Река здесь шла перекатами, была неглубокой, лишь у противоположного, крутого берега цвет воды сгущался. Но там вереницей выступали глыбистые камни. Аганя направилась к воде, и как ни казалась себе спокойной, ноги под каждый шаг простреливало до пят. Так, настороженно, с обращённым назад слухом, она перешла по камням на другую сторону, и уже была готова выйти на берег, как в реке, у камня, блеснуло.

Сияние сочилось сквозь водный поток, разбивалось течением, как бы колыхалось на дне. Аганя стала закатывать рукав. Вот почему о н так долго водил её, заставлял бегать и кружить, вот почему. Чтобы прийти сюда и увидеть это свечение, чтобы тоже найти и стать Великой Алмазницей. Она почему-то была уверена, что на дне лежит именно алмаз. Рука опустилась по локоть, меняя очертания, делаясь широкой, разлапистой. Но алмаз словно отодвигался. И удалялось дно. Она с одного плеча стянула телогрейку, дальше завернула рукав. Пальцы почти дотягивались, но она боялась стронуть искристый камешек, смешать с песком. Потянулась глубже, намочив кофту, занемелыми пальцами ухватила горсть вместе с алмазиком… и коленка скользнула по мшистой оглаженной глыбе. Она еще не верила, что падает — как же так, ведь вот он, алмаз-то, в руке, — и покатилась по воде, закрутило её бурным течением. Она попыталась плыть, не разжимая правой руки, загребая кулаком. Её несло, кружило, и студёность пробирала насквозь, сцепила паха. Аганя ухватилась за каменный выступ на берегу, уже забыв про зажатую горсть, и песок с камешком пополз из-под ладони. Она перехватила руками за выступ повыше. Но берег был крут, и она соскользнула, вновь подхваченная течением. «Кариолиса силы», — промелькнуло в голове. «Кариолиса силы» — может ли она бороться с ними, с силами, установленными самой природой? Кариолиса силы… Её затягивало, и она ослабла, успев подумать, что вот для чего она шла, вот её удел, и теперь уж скоро они встретятся… Так Аганя успела понять судьбу, как вода разорвалась, она взлетела, и мелькнувшая рядом страшная волосистая человекообразная морда показалась прекрасной — потому что прекрасной была сама жизнь!
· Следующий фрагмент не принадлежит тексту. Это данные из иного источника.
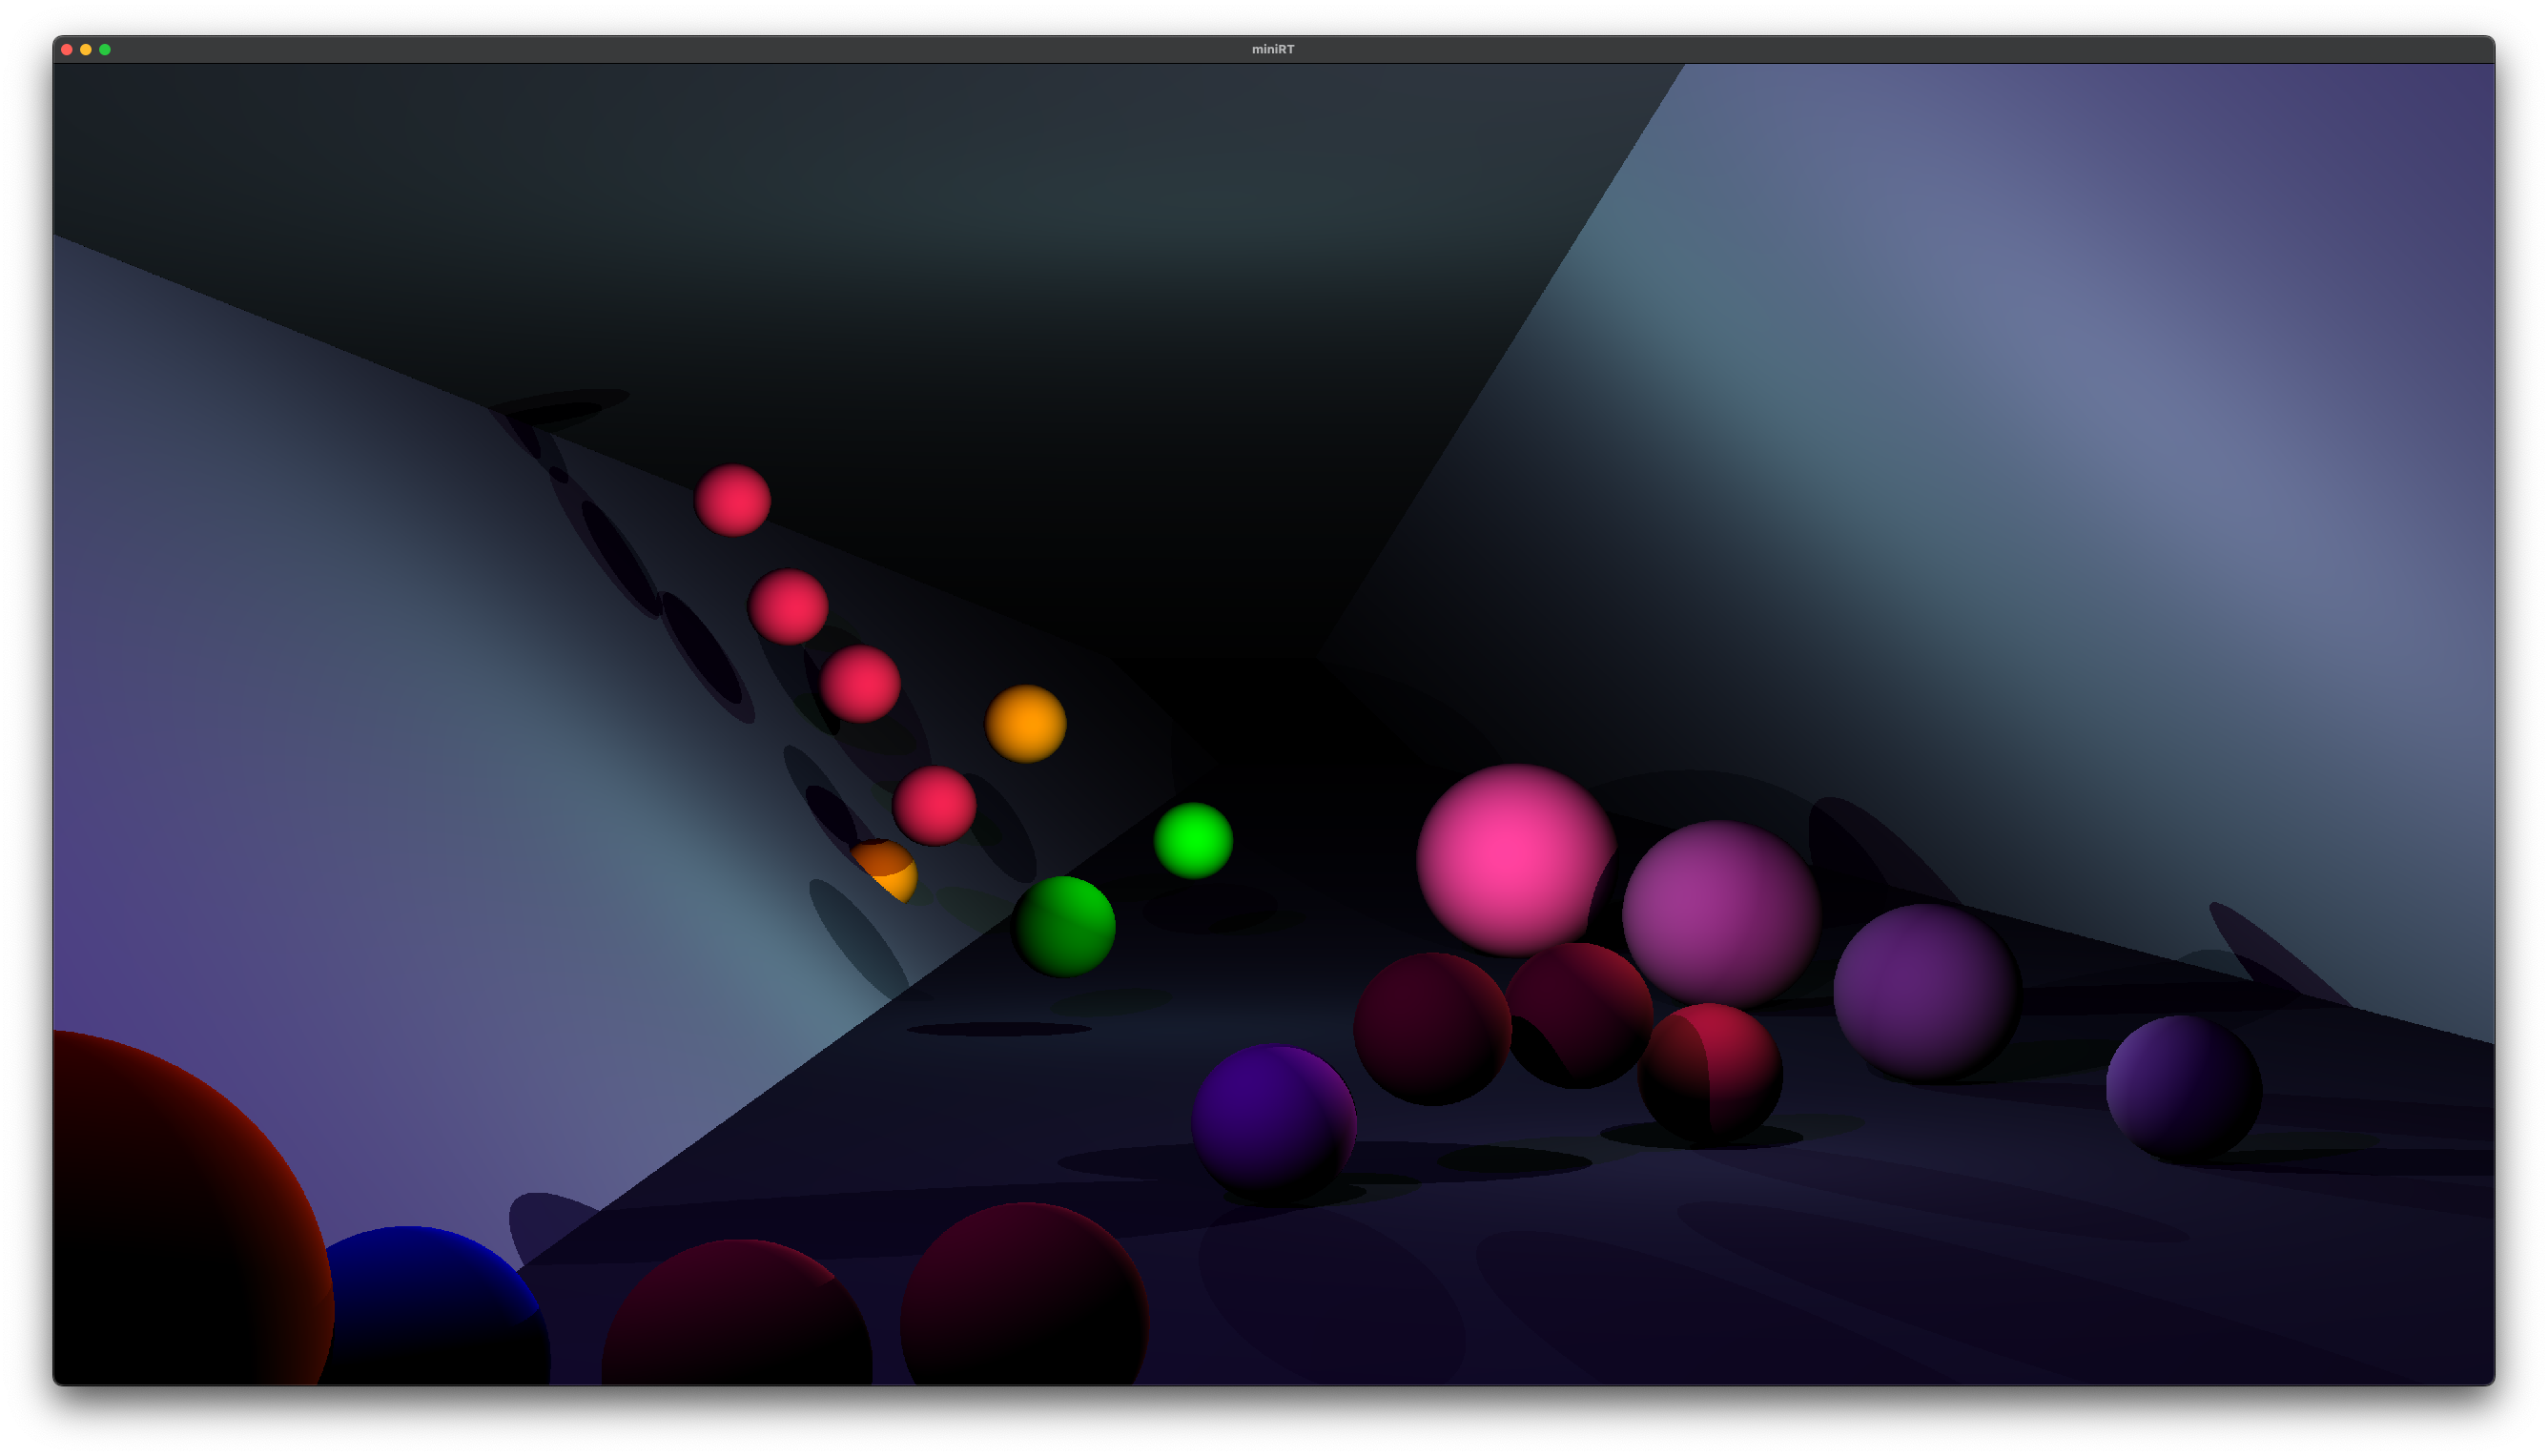 24 balls in a hallway with multicoloured lights and color transitions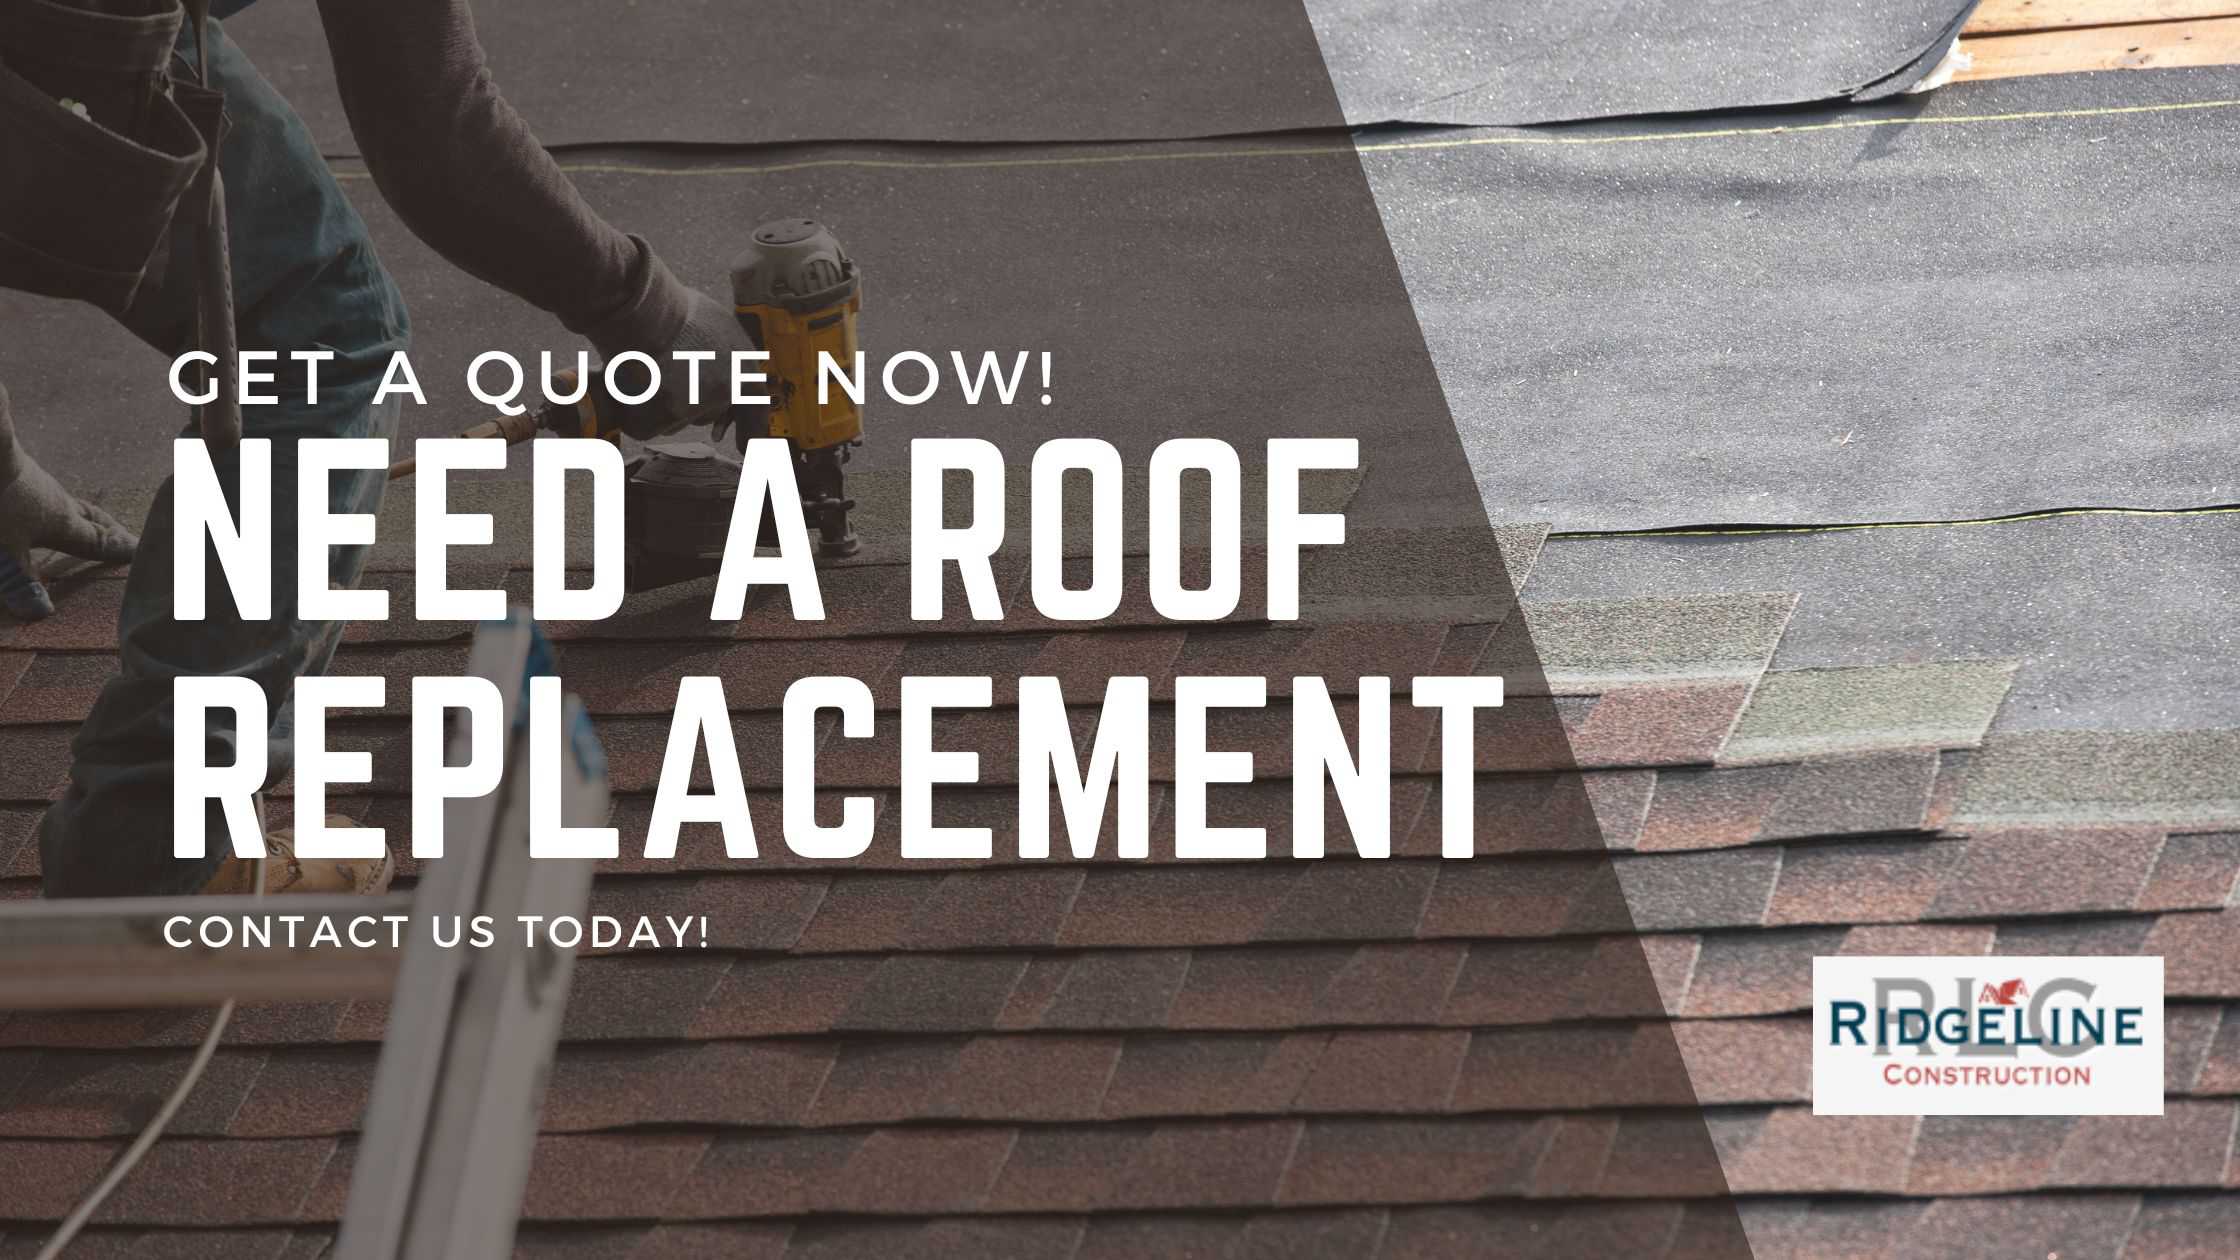 Need a roof replacement? Contact us today.

Он нёс её, этот звероподобный человек. В прошибающем насквозь ознобе, в обморочном тумане, она всё ещё жила страхом минувшего. Ведь она уже готова была умереть, она уже умерла мысленно, и её выдернули оттуда, из пасти смерти. И она прижималась к своему страшному спасителю, потому что не хотела туда, обратно. Потому что он был тёплым! Так хотелось жить! Пусть унесет её неведомо куда!

Он отпустил её — и она даже испугалась, что он оставит её здесь, коченеть. Но он принялся водить её руками — искусственное дыхание, догадалась Аганя. Она даже попыталась подняться, сказать ему, что хоть и накупалась, но не утопленница же, в своем уме. Вдруг внутри что-то булькнуло, и изо рта, как из ледовой пробоины, выплеснулась вода. Сразу так легко стало, она даже заулыбалась, и к своему изумлению услышала собственный смешливый голос: «Вот нахлебалась, так нахлебалась!».

Он кинулся собирать сушняк: лохматый, руки граблями. Но в одежде — в обыкновенной одежде! Промокшие спички плясали в его руках — выходит, он тоже продрог? Она потянулась к коробку — ей показалось, что она лучше, сноровистее разожжёт костёр. Но коробок сразу вылетел из её рук. Он ловко подхватил его, рассыпав всего несколько спичинок. Чиркнул по самому уголку — по сухой кромочке. Береста затрещала, вспыхнула, как порох. Слабое ещё, но уже ощутимое тепло пошло от огня.

Ах, ты, огонь! Отныне она тоже будет склоняться перед ним, огнём, разведенным человеком, согревающим, спасительным, и станет кормить его, прежде чем опробовать кушанье самой, как это делают здешние.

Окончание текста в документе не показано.